As the researchers say, while previous studies have suggested that statins may have possible harmful effects on the kidney, the link has remained unclear. This study addresses this concern by combining a large dataset to specifically look at the potential risk of acute kidney injury. The study is a valuable addition to the body of evidence on the potential benefits and risks of this commonly prescribed treatment.
This type of observational study involving very large numbers of patients can help us investigate possible rare adverse effects of drug treatment that may be missed in randomised controlled trials. However, the study does have limitations, including the possible misclassification of disease.
It is also difficult to imply causation and say that higher dose statins were directly the cause of acute kidney injury in these people.
As people have not been randomised to their statin dose (they have presumably been prescribed their given dose for a reason), it is possible that other health factors (confounders) may be associated with the person both being prescribed a higher statin dose and being at increased risk of acute kidney disease.
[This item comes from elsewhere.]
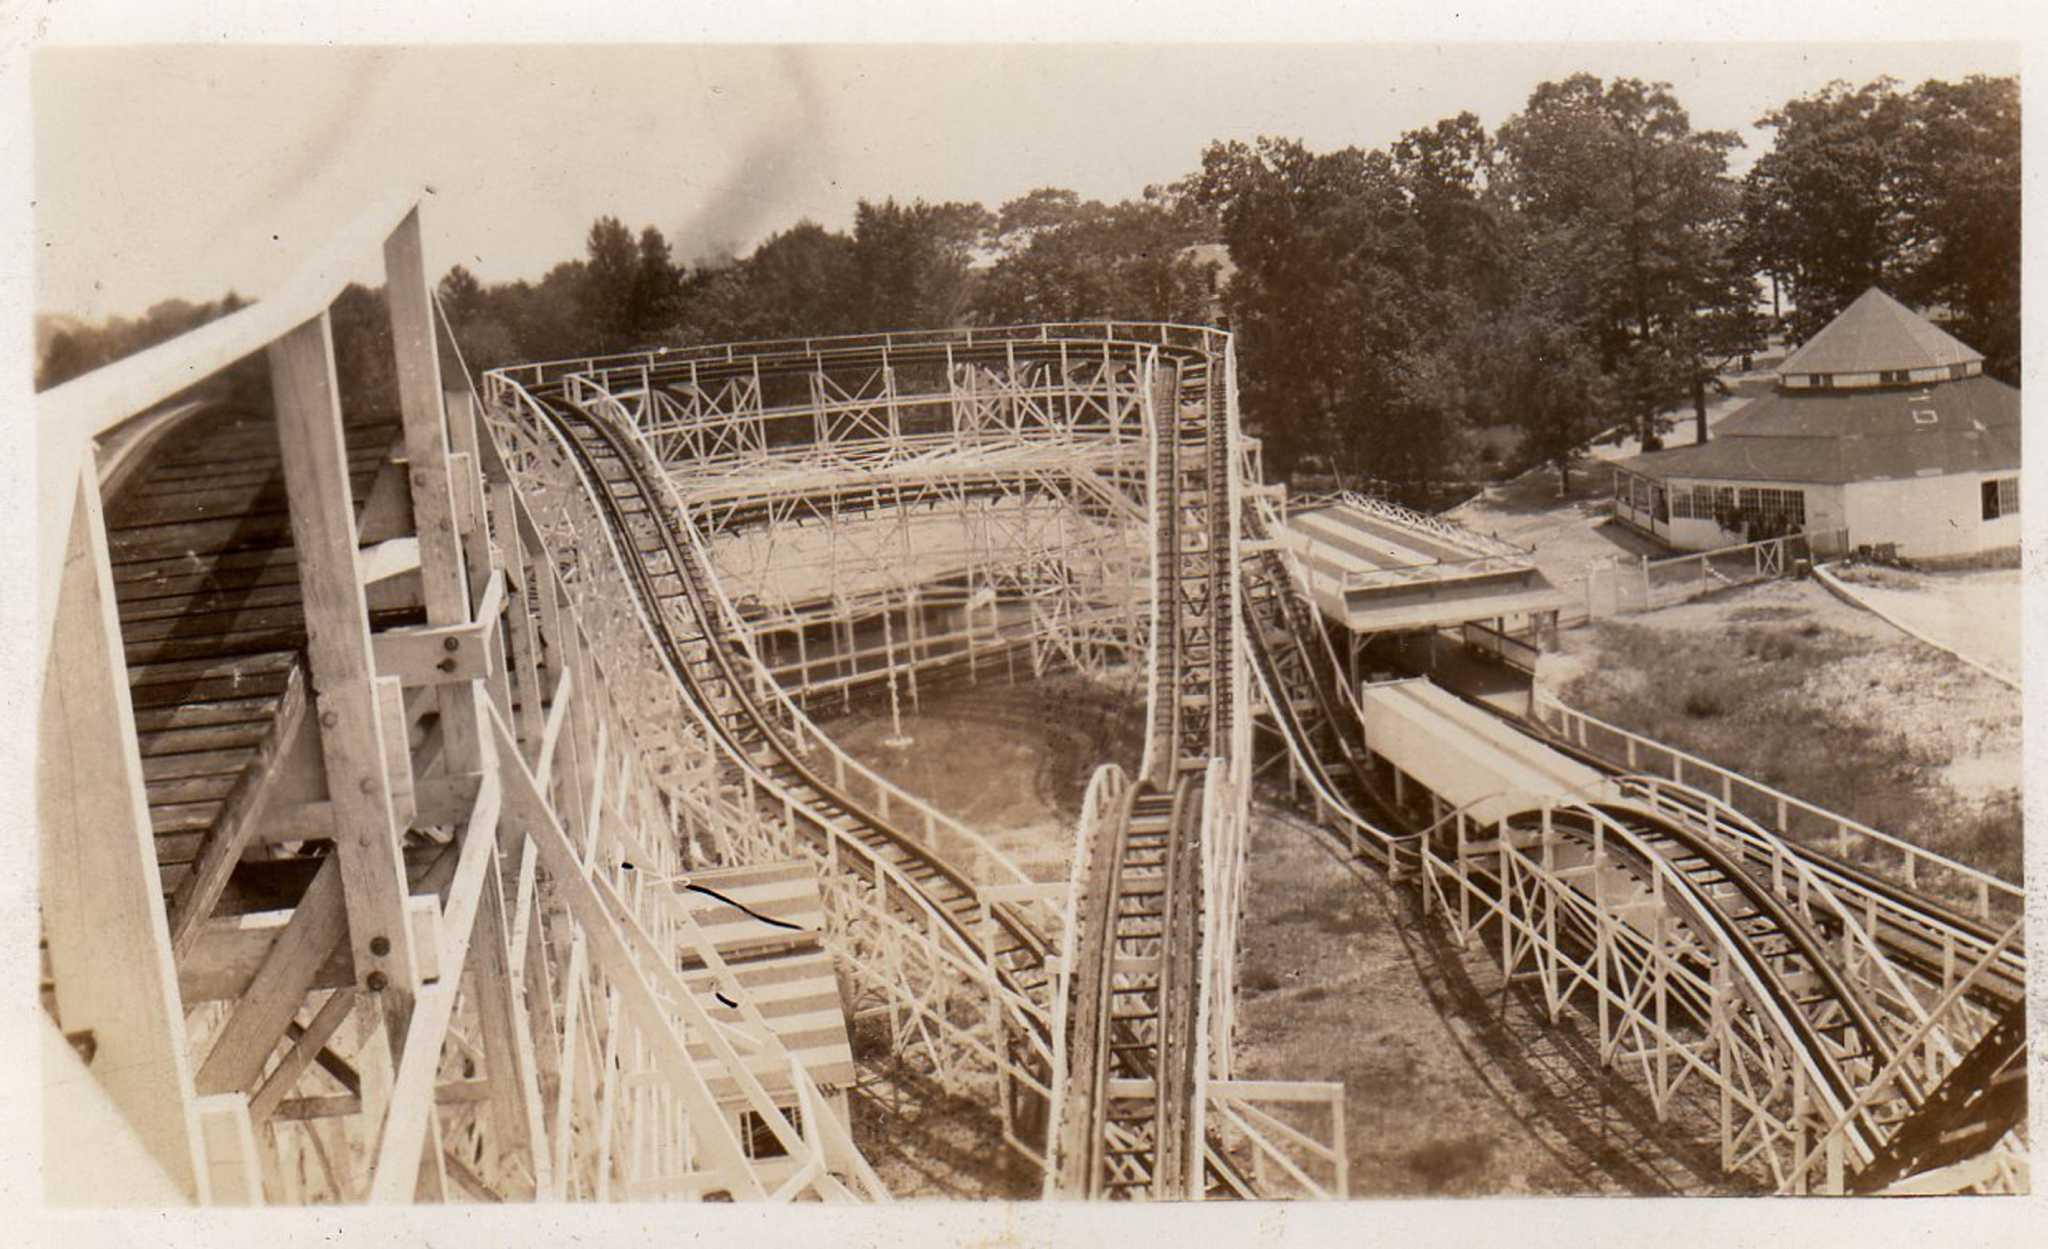 Roton Point Amusement Park Remembered In Rowayton
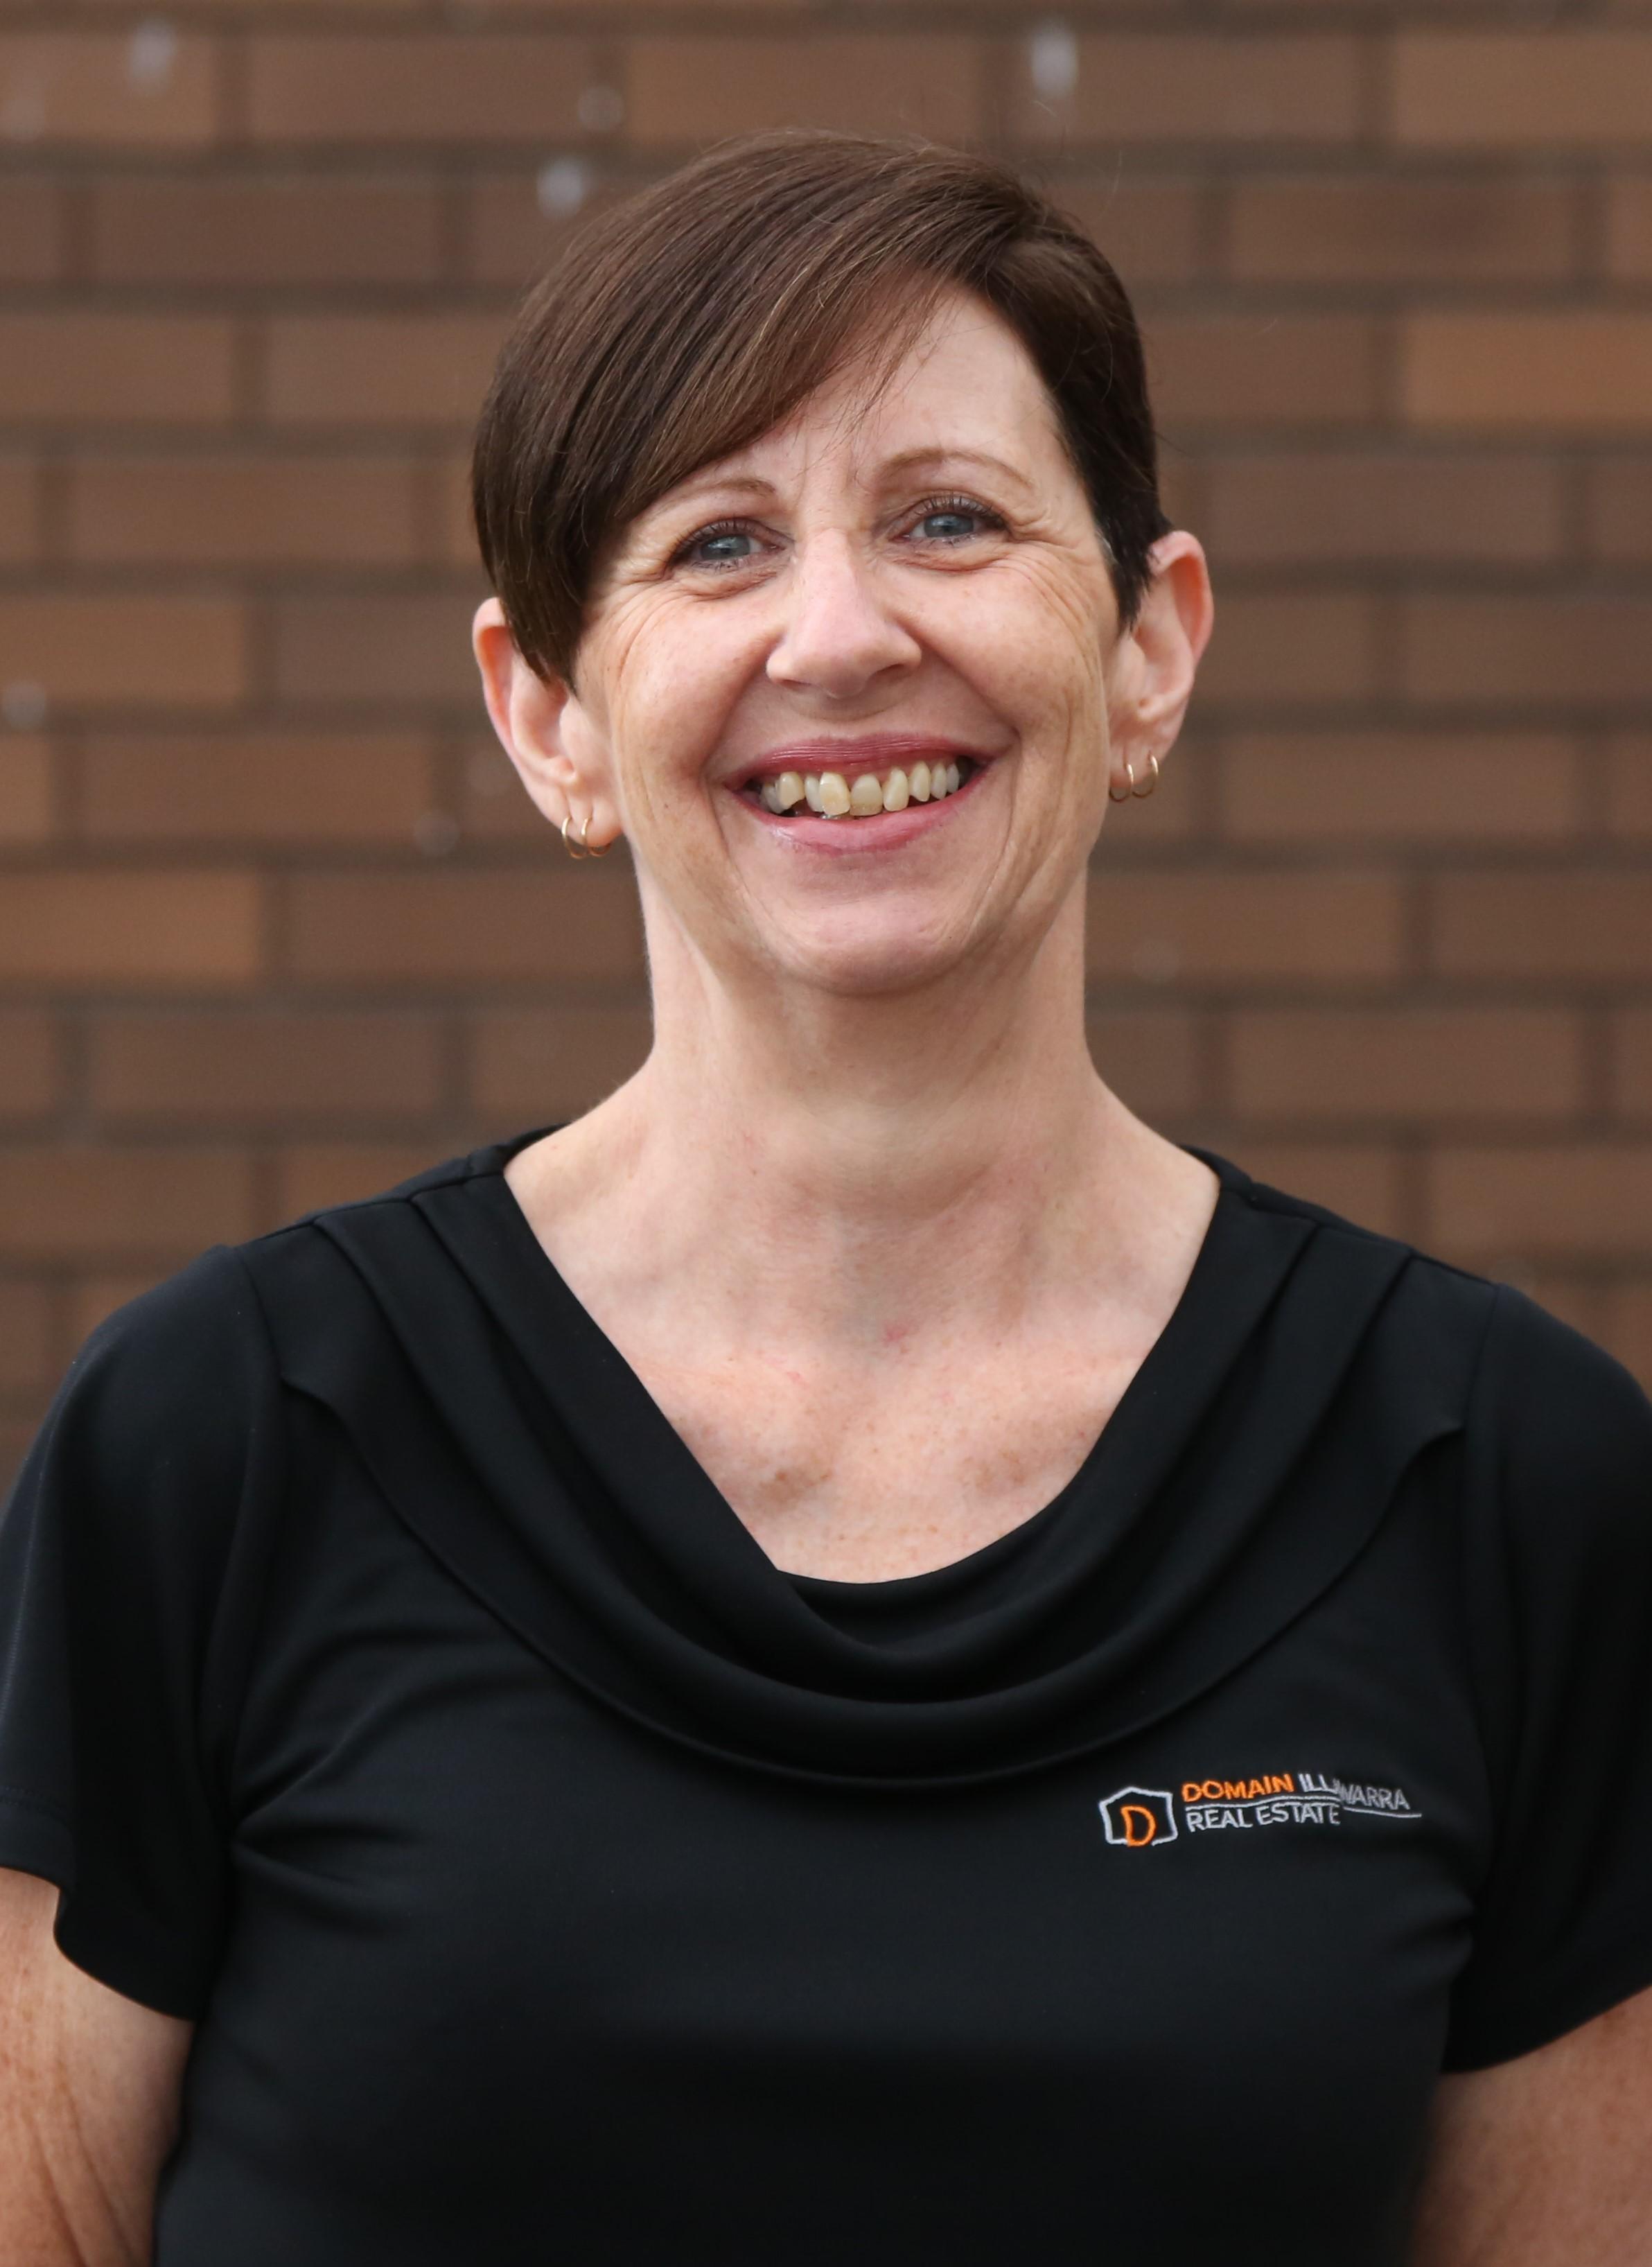 Gemma Ruddy

It is most important to be aware that acute kidney disease was very rare among the people in this study. As the authors themselves estimate, the association between high-dose statins and the risk of kidney injury appears to be uncommon. They say 1,700 patients would need to be treated with a high-dose (rather than a low-dose) statin in order to cause one acute kidney injury.
Statins have been used extensively to prevent and treat cardiovascular disease for many years. It is estimated that statins save 7,000 lives a year in the UK.
For the vast majority of people prescribed a statin, the benefits of taking a statin – in terms of reduced risk of cardiovascular disease events, such as heart attack or stroke – greatly outweigh any possible increased risk of acute kidney injury, due to the rarity of these events.
However, for any drug an important concern for patients and their doctors is to identify the dose that optimises the benefits of treatment while minimising the risks.